Кабинет
Алексей Смирнов

То, во имя чего

То, во имя чего

Когда-то давно один начинающий автор обсуждался в Москве, в некоем литературном собрании. Компания подобралась колючая. После чтения посыпались вопросы, часто жесткие. Он, как мог, отбивался. Но был удар, который послал его в нокаут. Этот неотразимый вопрос гласил:

— Во имя чего вы пишете?

В ту пору новичок затруднился бы с ответом и на куда более легкое: “Как вы пишете?” — или: “О чем?” А это “во имя чего?” оказалось просто сокрушительным!

Конечно, честолюбие — вождь юности. Вместе с тем ответить: “Для славы” — было бы и смешно, и неполно. Смешно, потому что вся его тогдашняя “слава” растворялась в кругу нескольких друзей. А не полно, потому что он предчувствовал в своем тяготении к слову нечто иное, нежели только желание стать знаменитым.

Еще нелепей прозвучал бы ответ: “Ради денег”. Долгое время он, нигде не печатавшийся, вообще не имел представления о том, сколько платят писателям.

Так во имя чего же, на самом деле?!.

Неизвестно.

“Рефери” с загипсованной рукой на перевязи молча отсчитал свои десять счетов.

Нокаутированный не поднялся.

С тех пор он даже в мыслях избегал вопроса, так его подкосившего. Назвал подобную постановку “некорректной” и больше к ней не возвращался. “Я пишу во имя ни-че-го! — сказал он себе. — Просто пишу — и все, не задаваясь лишними вопросами”.

Однако проблема оставалась...

Ныне, по прошествии лет, ему кажутся уже доступными разумению поиски тех оснований, на которых безотчетно строился его литературный мир, отношение к творчеству, может быть, не только его собственные поиски обоснованных ответов на “вопрос-нокаут”. Теперь появилась возможность суммировать накопленный опыт и развернуто высказаться по теме: во имя чего писатель берется за перо?

Простое решение сводится к следующему: запись позволяет уяснить себе то, что вне пера и бумаги остается непонятным.

Рефлексия — естественная для человека реакция на жизнь: хочется разобраться в своих мыслях, ощущениях, оценках. Внутренне сосредоточиться. А как? Надо перевести их “из воздуха” в более осязаемый мир слов на бумаге (или экране). Записать, чтобы уяснить.

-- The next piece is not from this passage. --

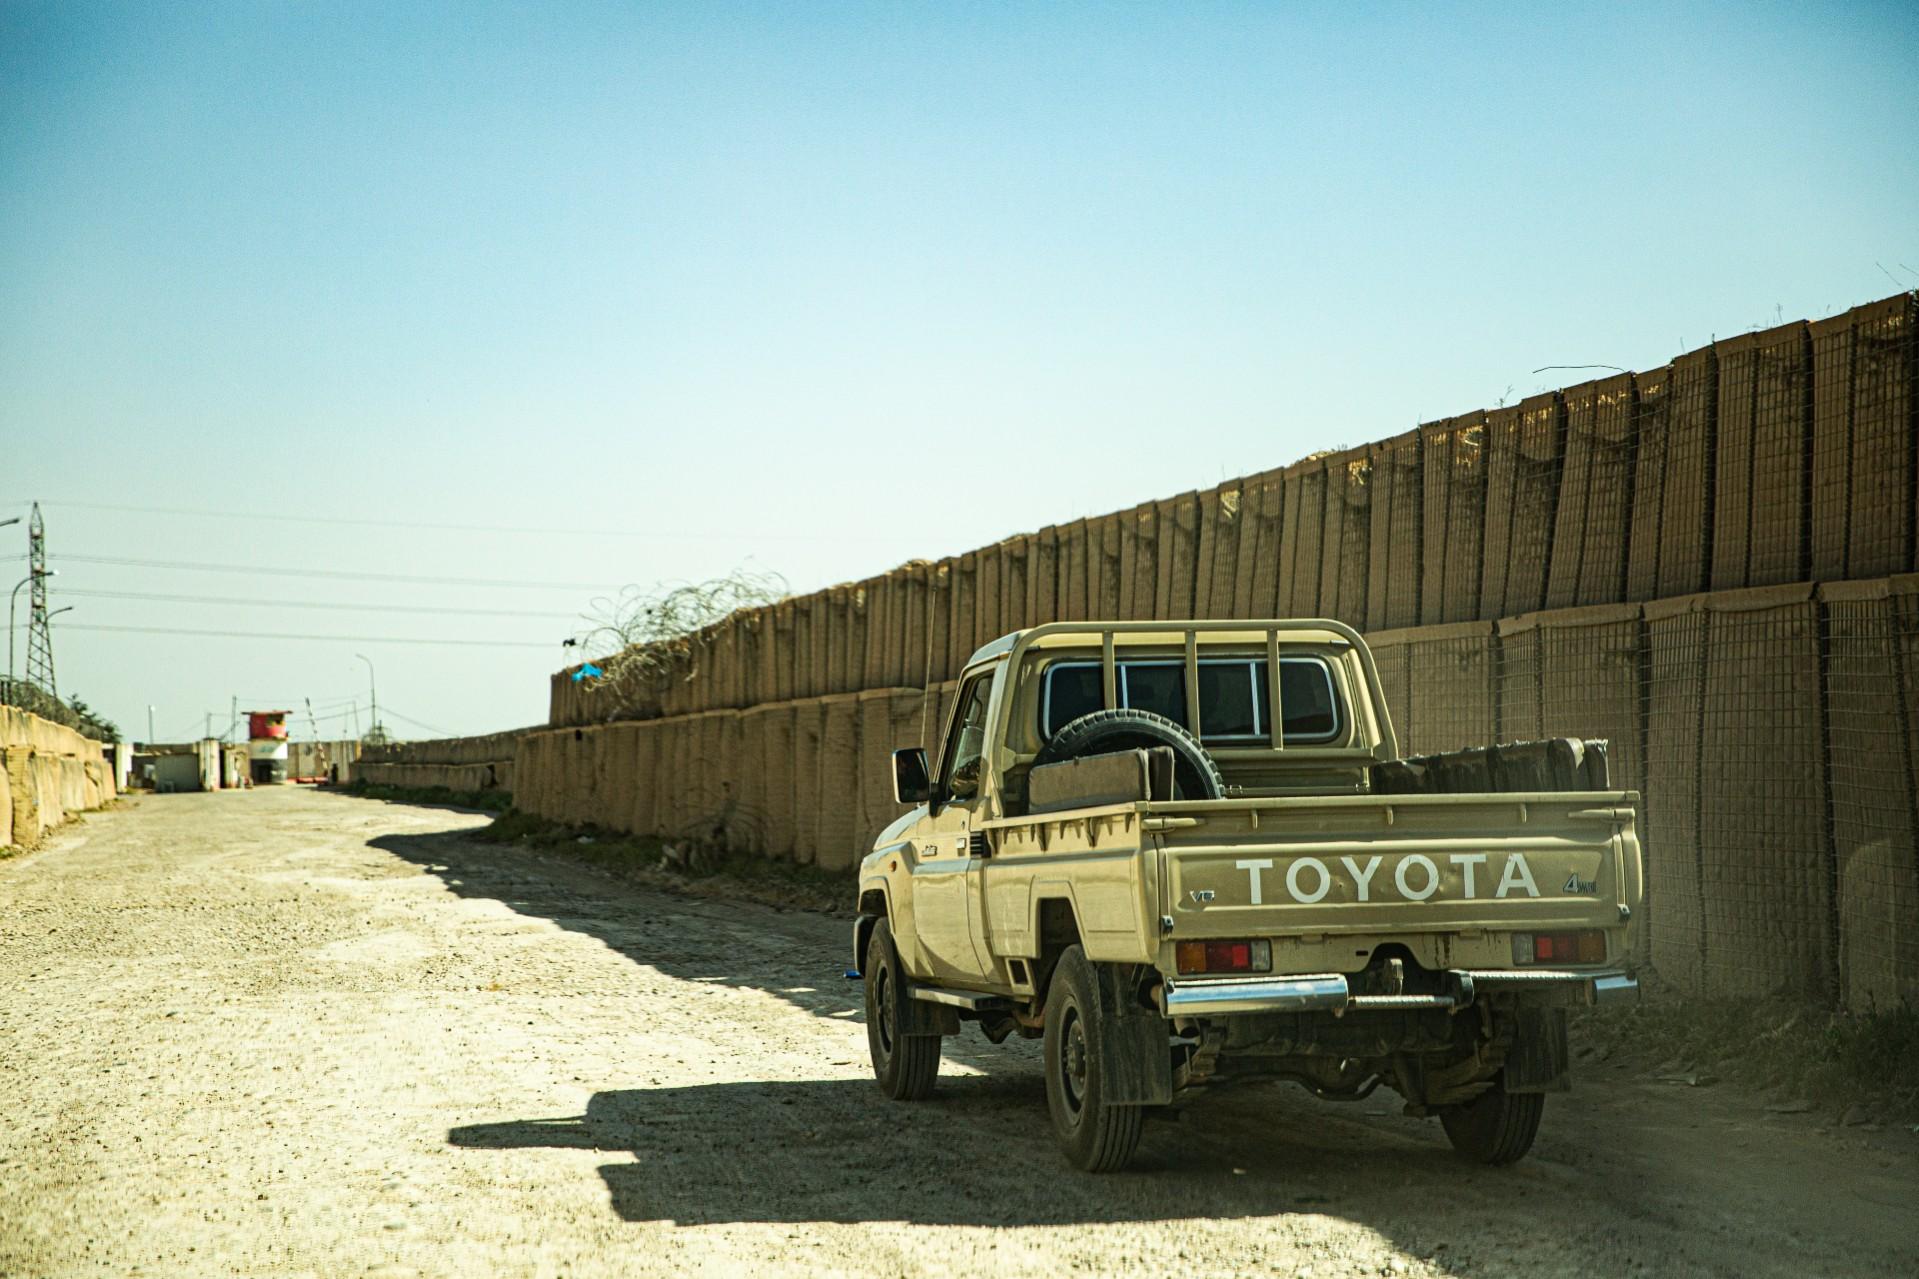 Mobil melewati jalanan bertembok di Irak.
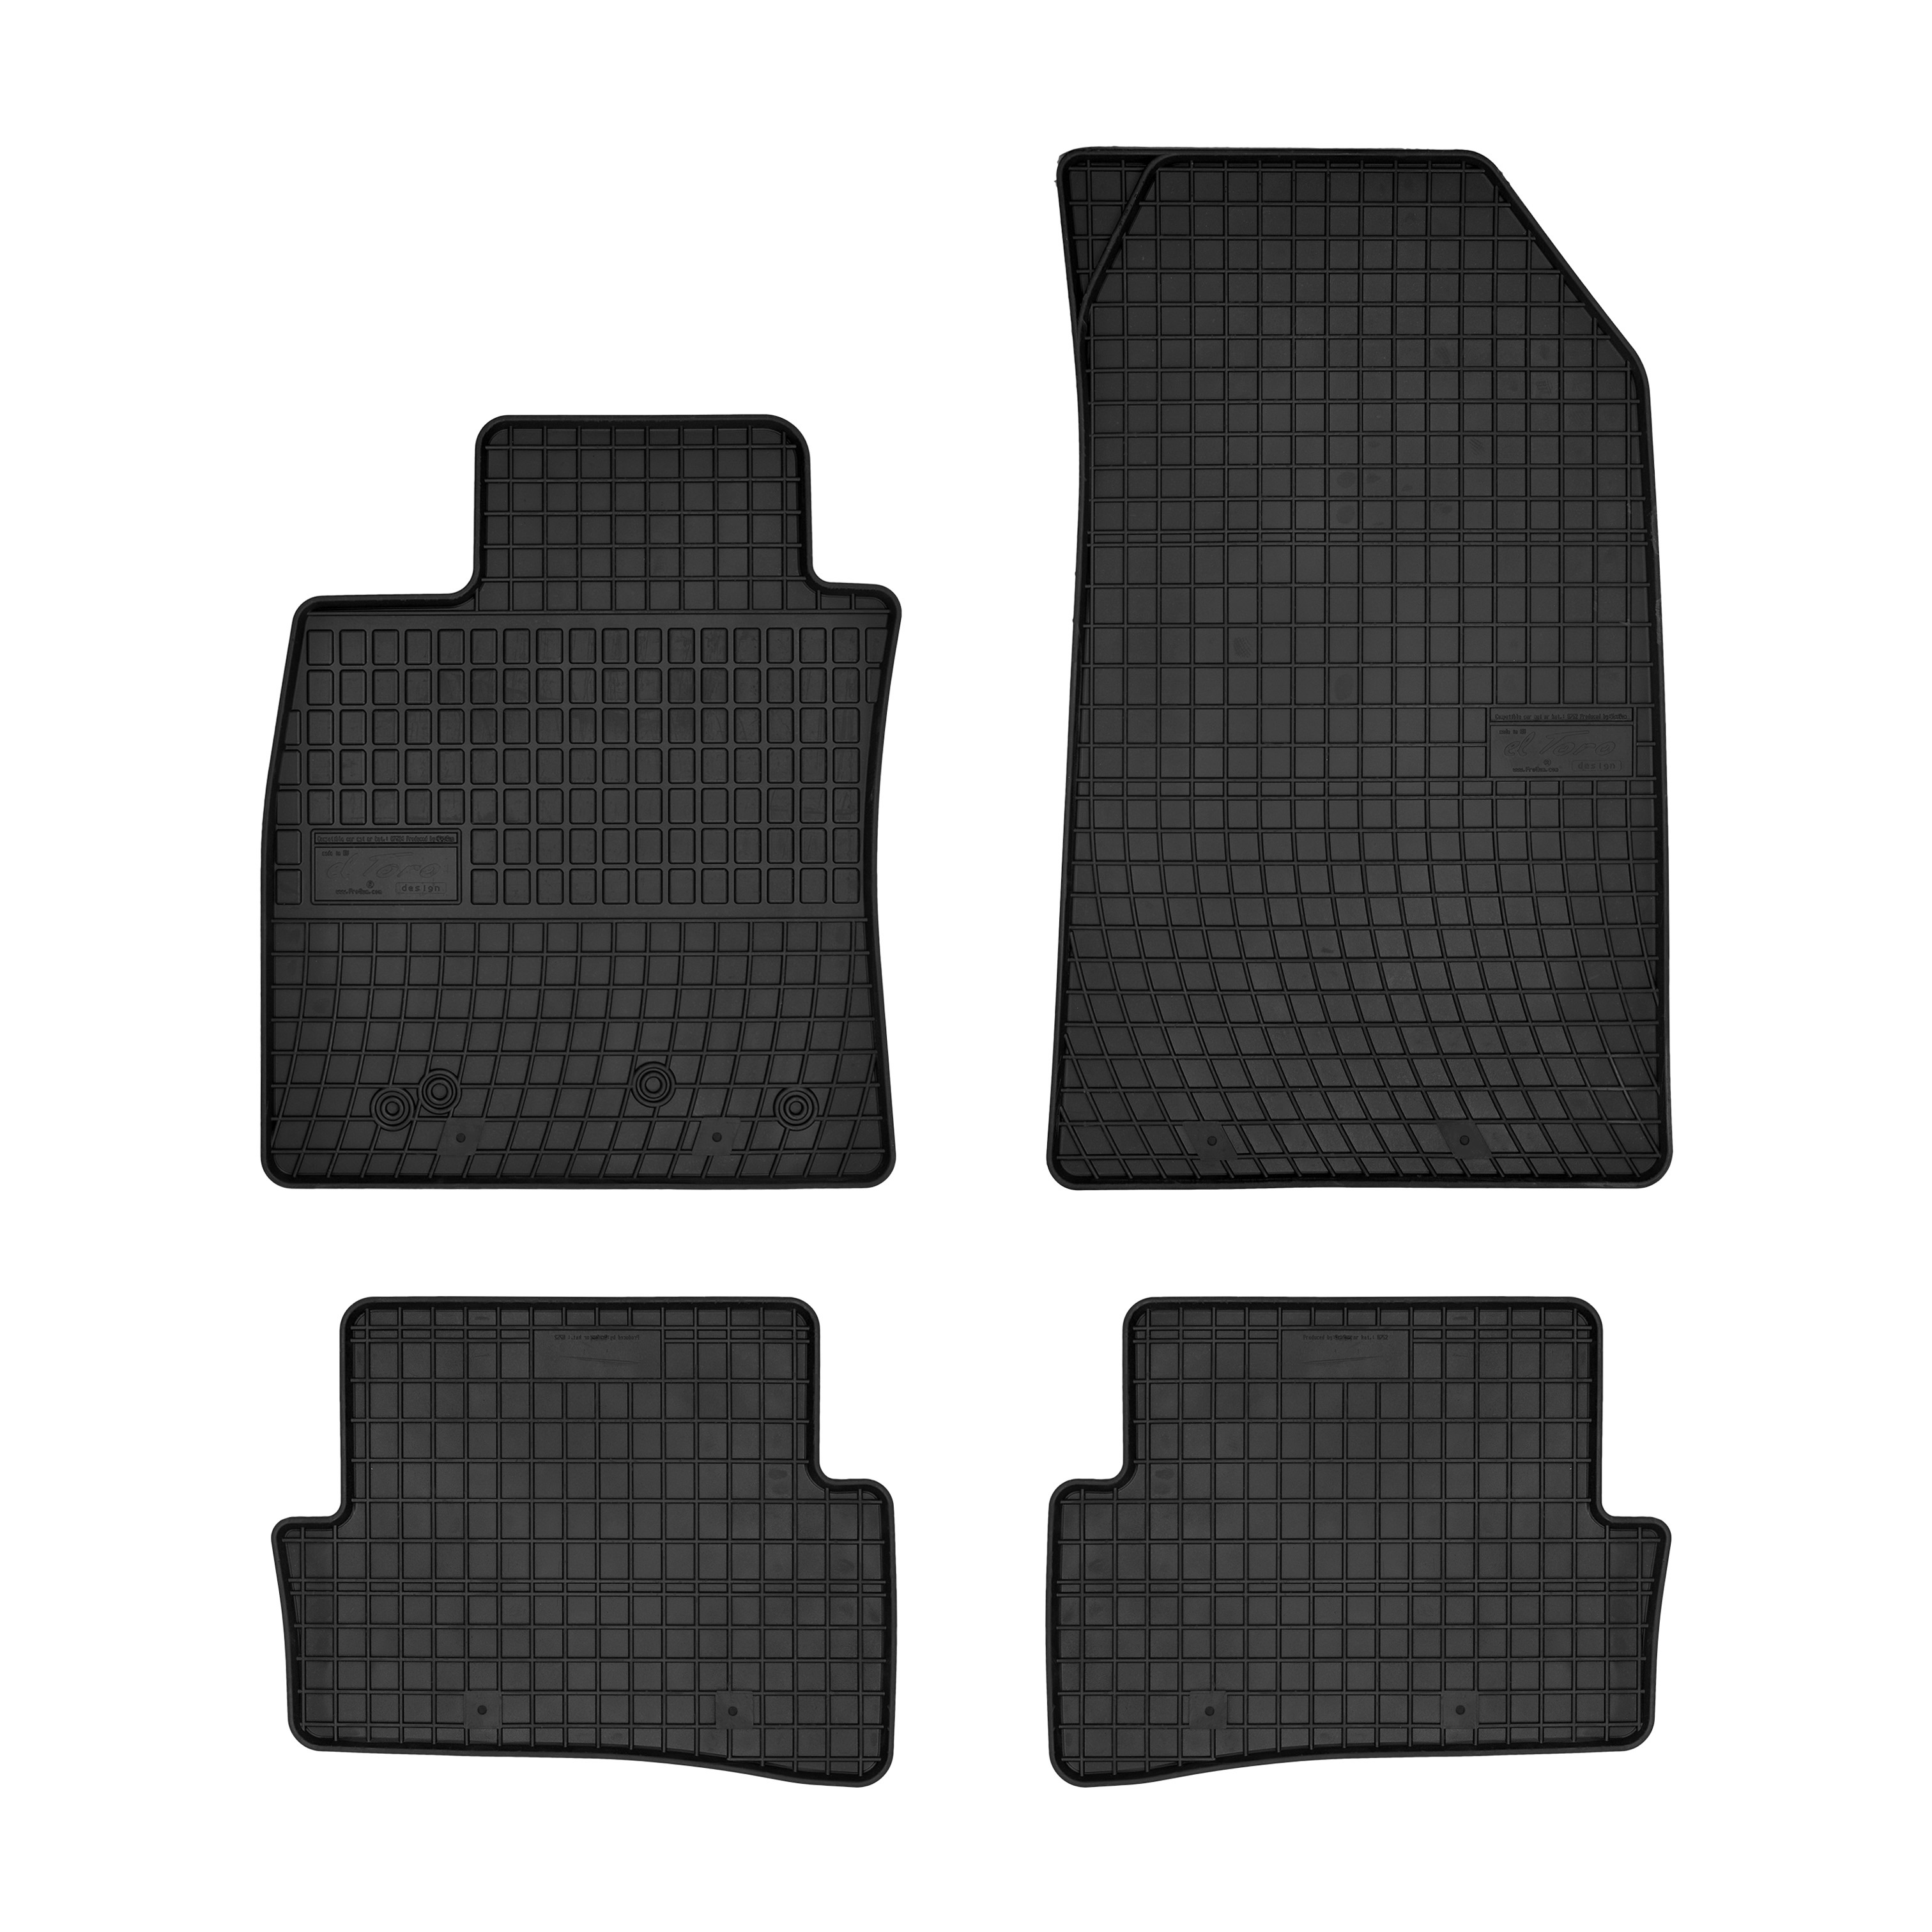 Kofferraumwanne mit Anti-Rutsch für Renault Clio III Generation 3//5Tür

Кроме элементарного осознания дисциплина письменной речи помогает проникнуть в суть предмета: “довести до ума” первоначальную догадку; отыскать неизвестное в известном; создать гармонический строй в смысловой путанице, звуковом и ритмическом хаосе; высветлить стилистику; снова — в воображении — пережить то, что однажды взволновало тебя наяву, но пережить не смятенно, повинуясь нахлынувшей душевной волне, а подготовленно, плодотворно, артистично, открывая нечто недоступное без художественного постижения; нечто необычайное; не лежащее на поверхности здравого смысла; проявляющее себя ассоциативно, косвенно, возникающее из подтекста. То есть: уяснить, чтобы открыть.

Безбрежная бездна понятий и ощущений подобна морской пучине. Погружающемуся в нее она дарит объем. И тогда эмпирик, плескавшийся на двухмерной зыби расхожих истин, с удивлением, страхом, восторгом обнаруживает вокруг другой мир, словно впервые попадает на морское дно и замирает, пораженный красотой того, что ему предстало. Он испытывает наслаждение, обозревая подводное царство. Ему суждено пережить счастье глубинного созерцания. Открыть, чтобы насладиться красотой.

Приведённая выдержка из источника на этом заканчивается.